SUPPLIED INFORMATION:
--- START ---
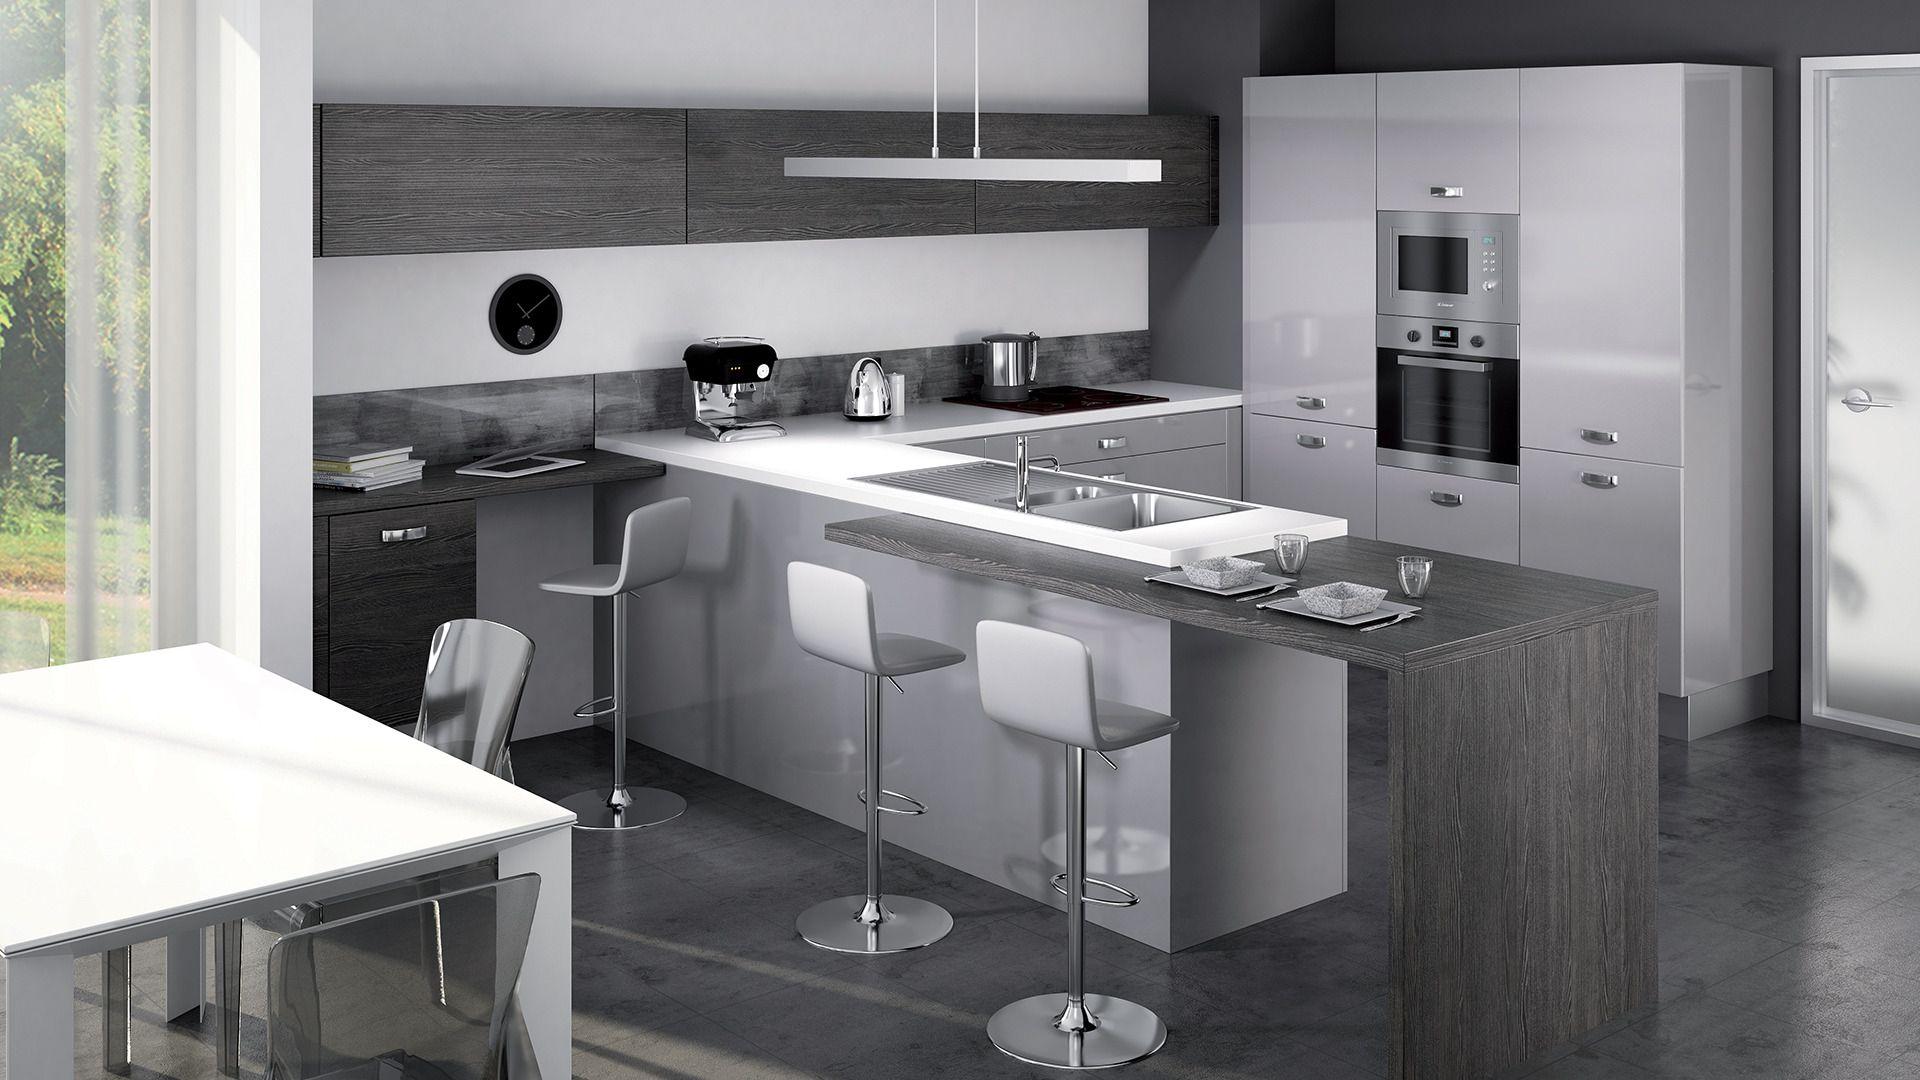 cuisine quip e light style design disponible en 5. Black Bedroom Furniture Sets. Home Design Ideas
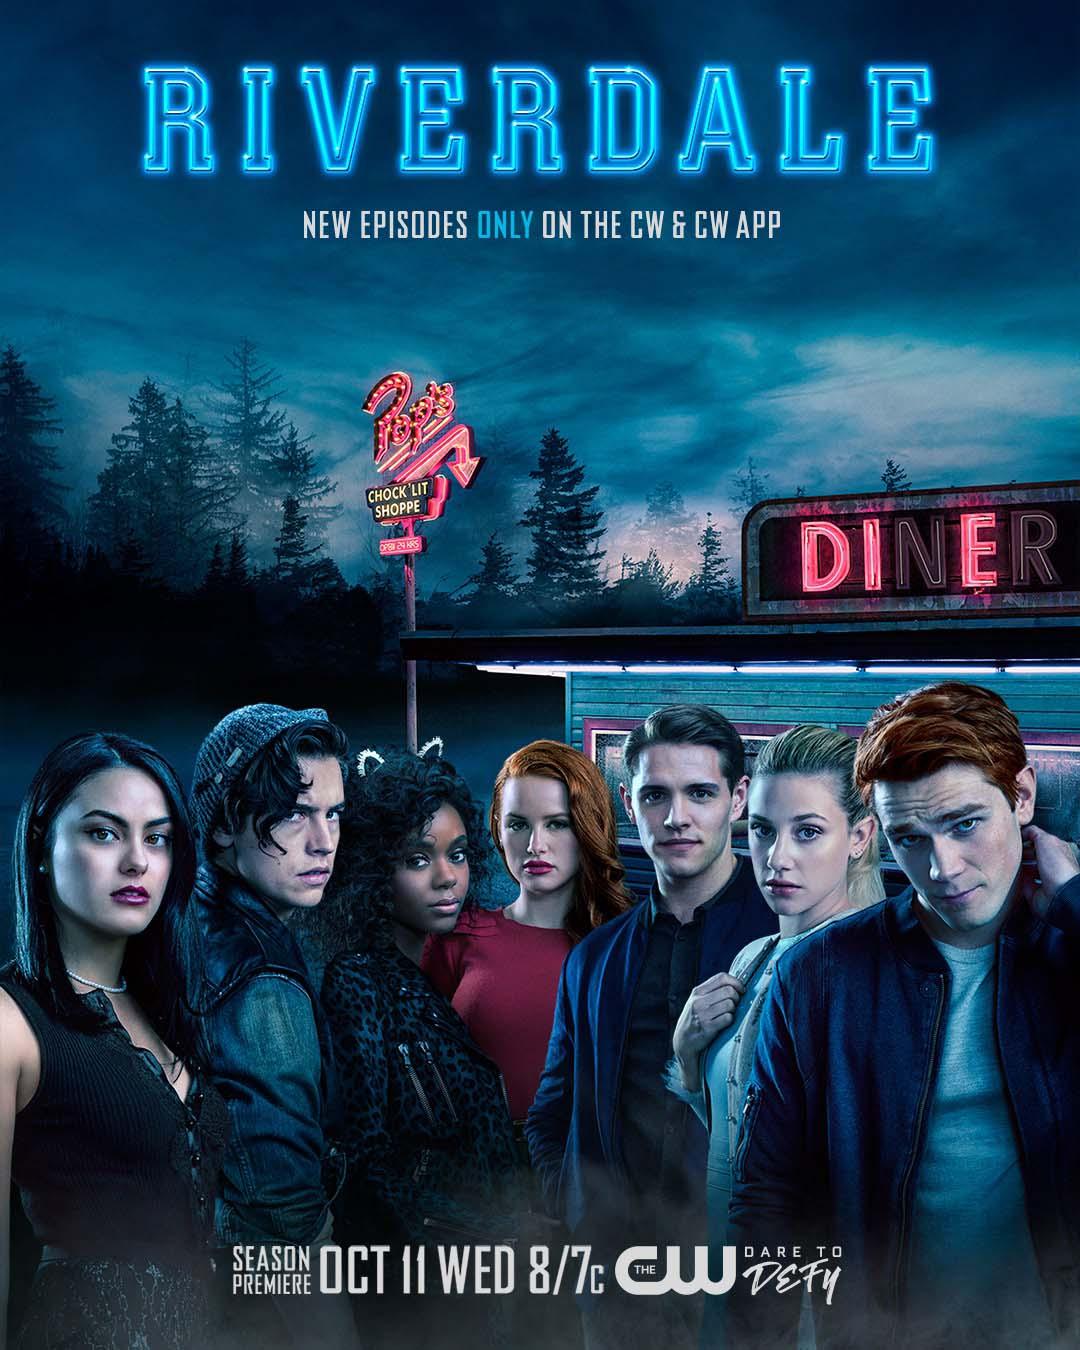 Riverdale Saison 3 Episode 21 Streaming Vf : riverdale, saison, episode, streaming, Riverdale, Saison, AlloCiné
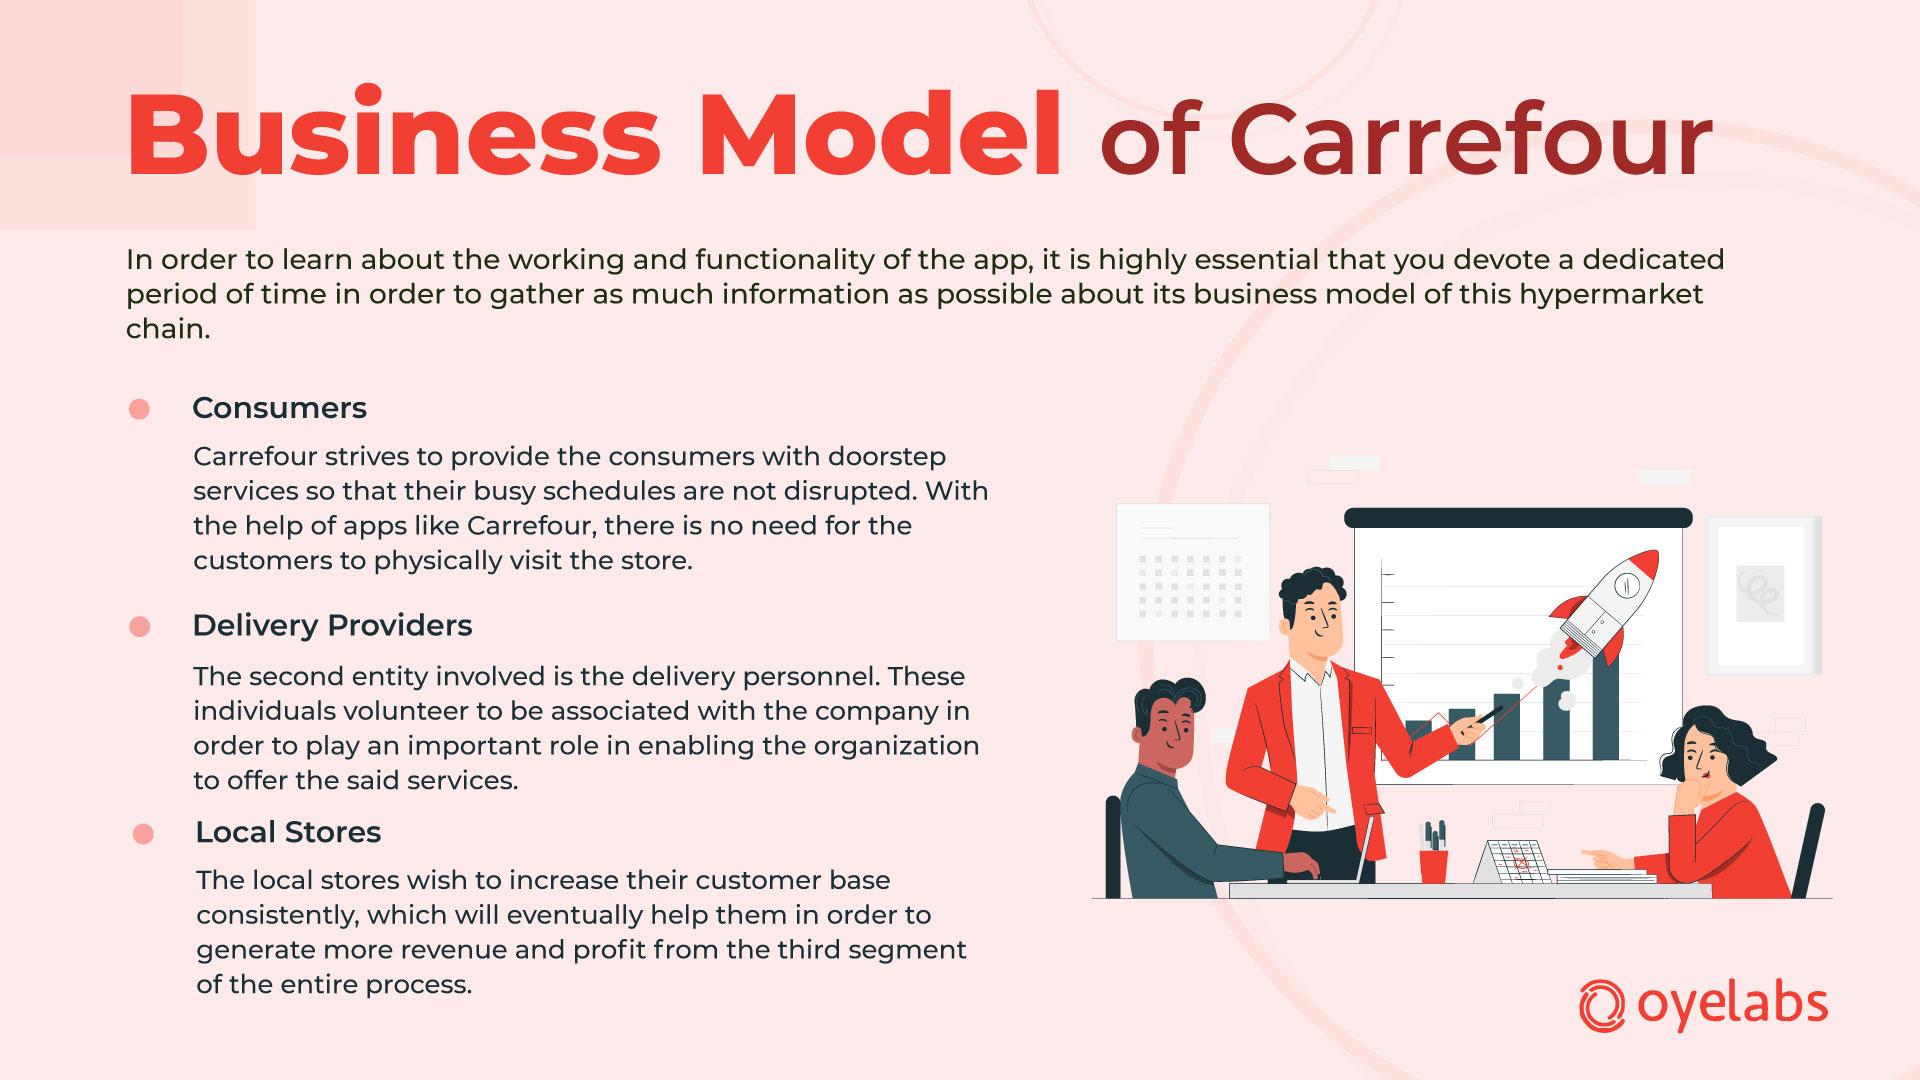 Business-Model-Carrefour-app
--- END ---
Precisely the lines from the one containing "Riverdale Saison 3" to the end of the data above, both included, should be printed; leave the pictures out.

WRITTEN SOLUTION:
 Riverdale Saison 3 Episode 21 Streaming Vf : riverdale, saison, episode, streaming, Riverdale, Saison, AlloCiné
 Business-Model-Carrefour-app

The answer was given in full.